| Exercise brief |
Without the pictures, copy all of the data exactly.

| Recorded data |
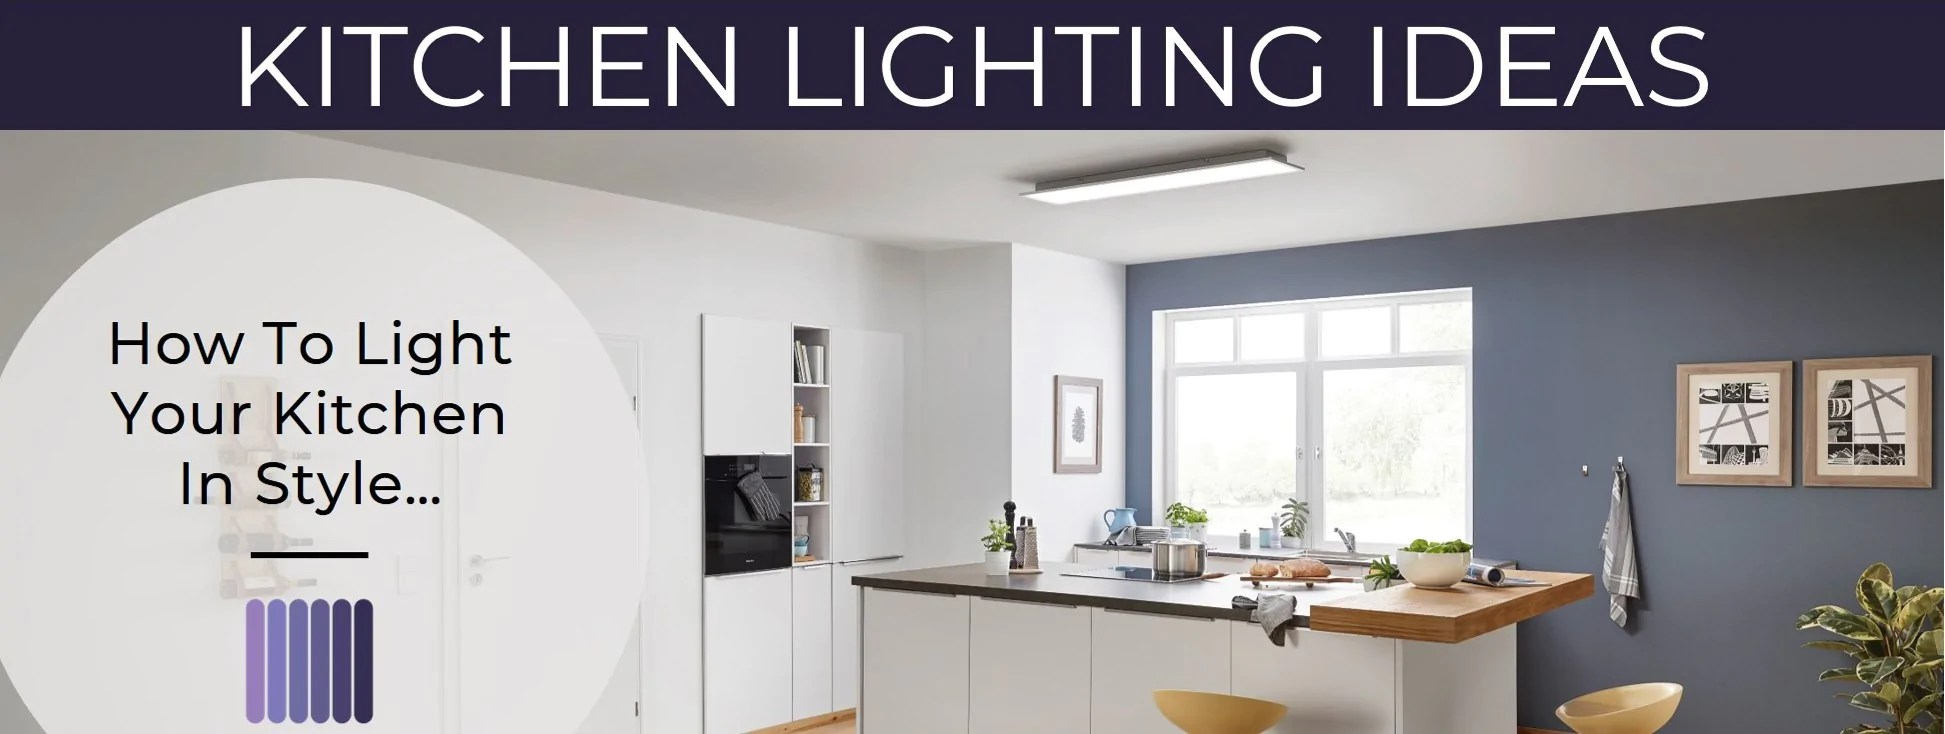 kitchen lighting ideas how to light
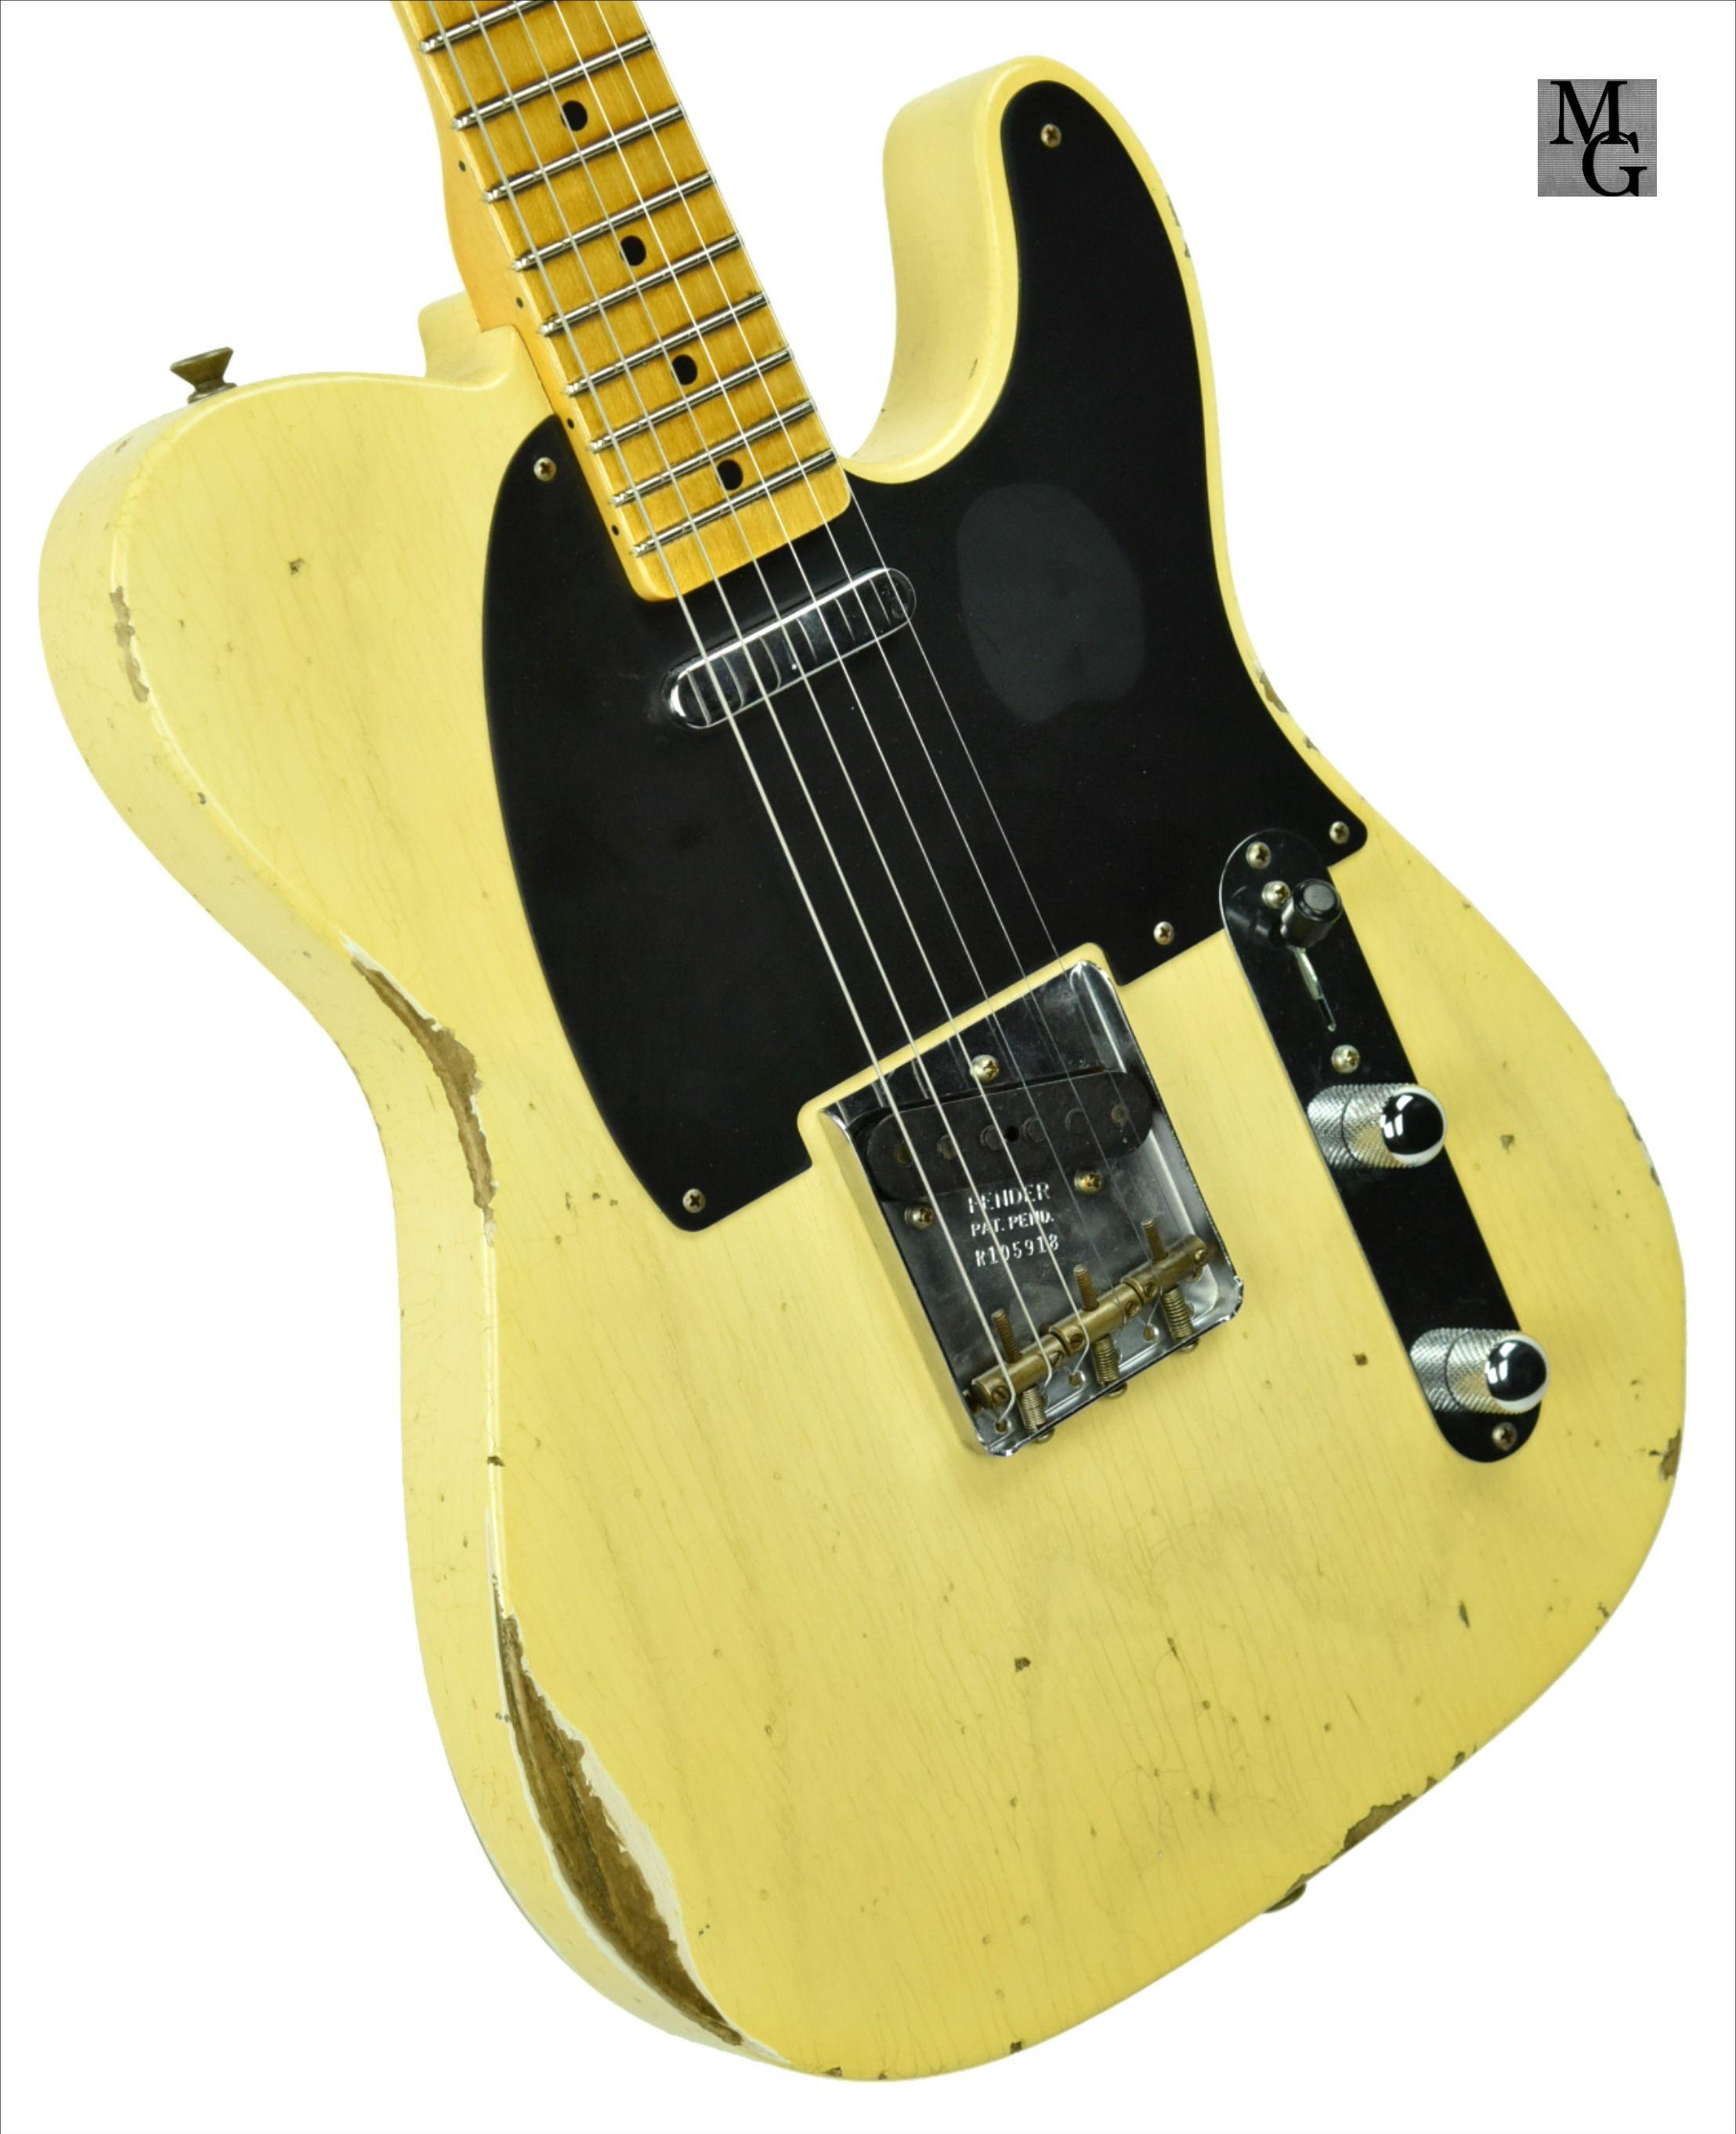 Fender Custom Shop 50s Telecaster Relic 1 Piece Ash In Faded Nocaster Blonde R105918 Telecaster Fender Custom Shop Vintage Telecaster
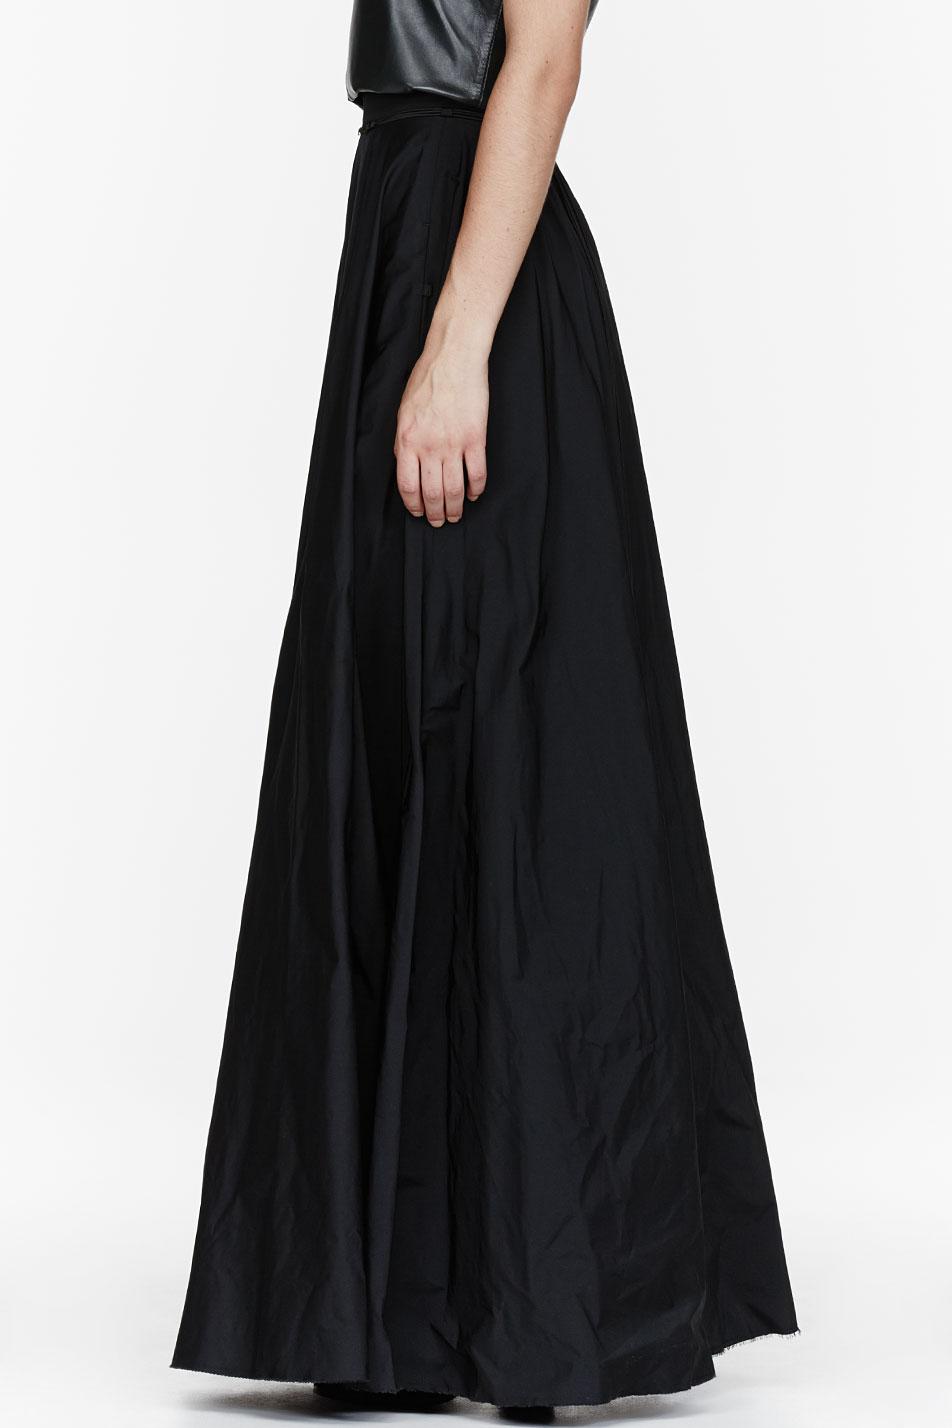 Yang Li Black Floor Length Circle Skirt In Black | Lyst

| Result of the task |
 kitchen lighting ideas how to light
 Fender Custom Shop 50s Telecaster Relic 1 Piece Ash In Faded Nocaster Blonde R105918 Telecaster Fender Custom Shop Vintage Telecaster
 Yang Li Black Floor Length Circle Skirt In Black | Lyst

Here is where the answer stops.